Caesar Pietersz van Everdingen also known as Caesar Boetius van Everdingen was educated in Utrecht, where he learned to paint from Jan Gerritsz van Bronckhorst.Caesar became a member of the painter's guild in Alkmaar in 1632. His first known painting dates from 1636. In 1648 he moved to Haarlem, where he joined the Haarlem Guild of St. Luke and the civic guard (or schutterij) there, where he met Jacob van Campen. From 1648 to 1650 He helped him with the decoration of the Oranje Zaal (Orange room) in Huis ten Bosch. In 1658 he moved back to Alkmaar where he started a workshop and took on pupils.
Many of his pictures are to be seen in the museums and private houses of the Netherlands. His pupils were Jan Theunisz Blanckerhoff, Adriaen Dekker, Hendrik Graauw, and Thomas Heeremans.Houbraken also lists two other pupils; Adriaen Warmenhuizen, and Laurens Oosthoorn.
Pieter Jansz. Saenredam
(June 9 1597 - buried May 31 1665) was a painter of the Dutch Golden Age, known for his distinctive paintings of whitewashed church interiors.
Saenredam was born in Assendelft, the son of the Northern Mannerist printmaker and draughtsman Jan Pietersz Saenredam (1565-1607), a follower of Goltzius whose sensuous naked goddesses are in great contrast with the work of his son.
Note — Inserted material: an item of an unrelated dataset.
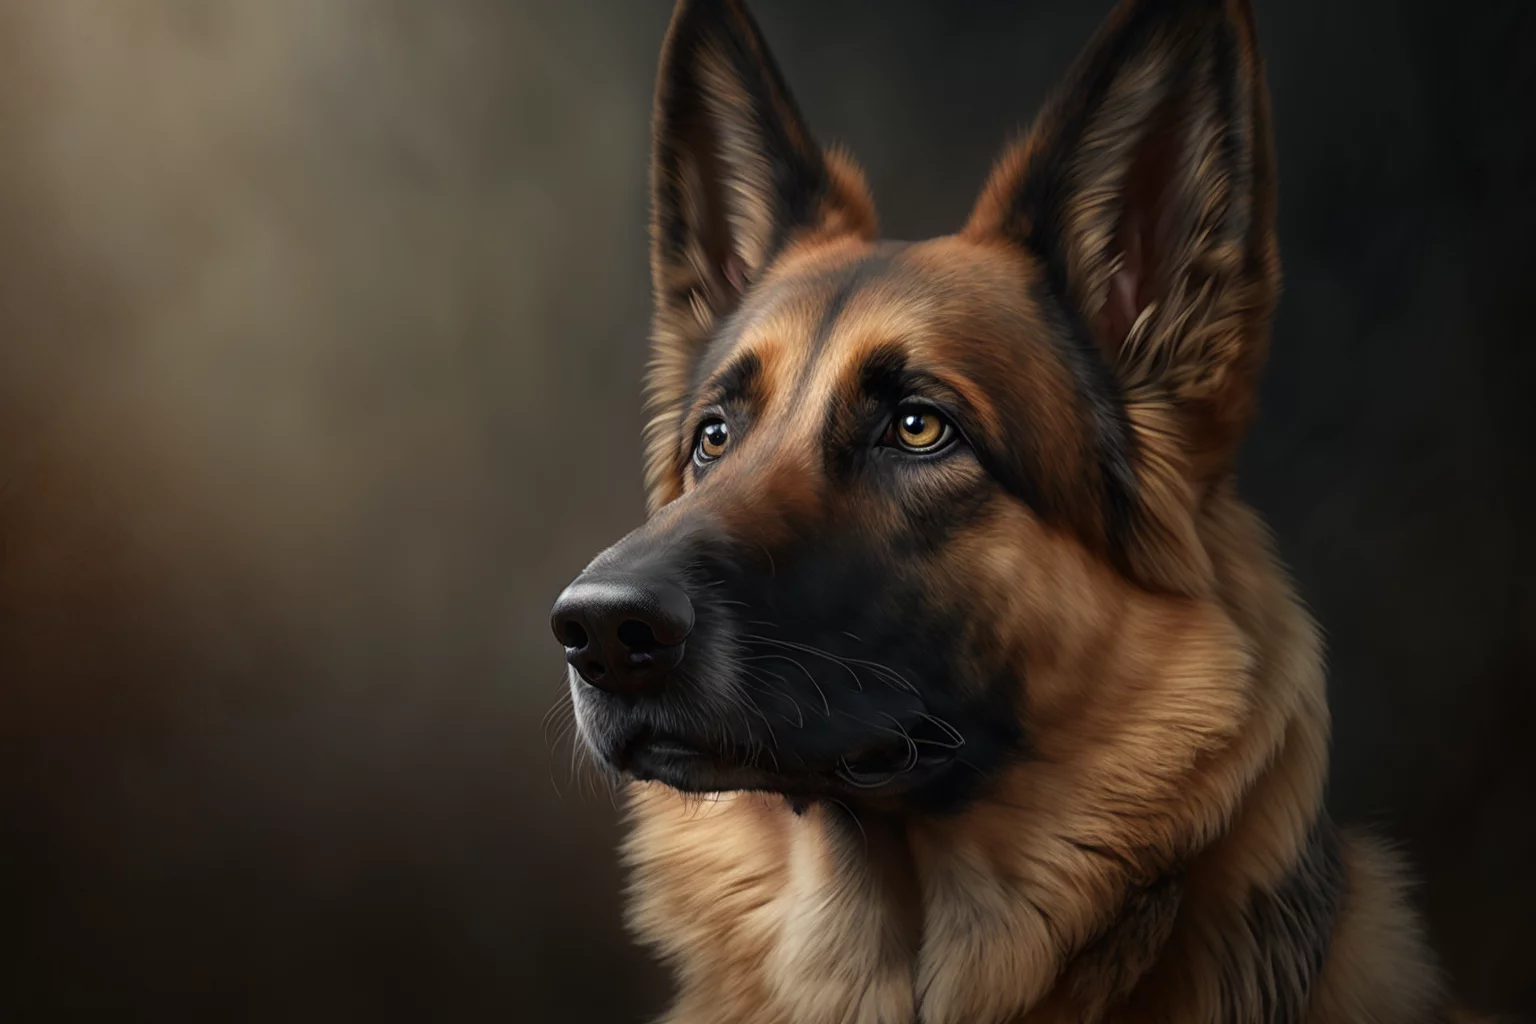 German shepherd portrait: CGI VFX SFX hyperminimalistic

In 1612 he moved to Haarlem, where he became a pupil of Frans de Grebber and lived for the rest of his life. In 1614 he became a member of the Haarlem Guild of St. Luke. He died in Haarlem.
A contemporary of the painter-architects Jacob van Campen, Salomon de Bray, and Pieter Post, he is noted for his surprisingly modern paintings of church interiors, the great bulk of his production. Saenredam achieved this modern look by using very even light, subtlely modulated, and by removing detailed depiction of textures, in meticulously measured and drawn sketches. He would make these sketches in pencil, pen, and chalk, then and add in watercolor to help give the sketch texture and color. The sketches are detailed, conveying the interior atmosphere through the clever use of light and graduated shadows. Saenredam often deliberately omitted people and church furniture from work, thus focusing more attention on buildings and their architectural forms. Only after having made precise measurements, and precise sketches and drawings of the churches, he would take them to his studio where he started to create his paintings, often after a delay of many years. His emphasis on even light and geometry is brought out by comparing his works with those of the rather younger Emanuel de Witte, who included people, contrasts of light and such clutter of church furniture as remained in Calvinist churches, all usually ignored by Saenredam. Unlike de Witte's, Saenredam's views are usually roughly aligned with a main axis of the church.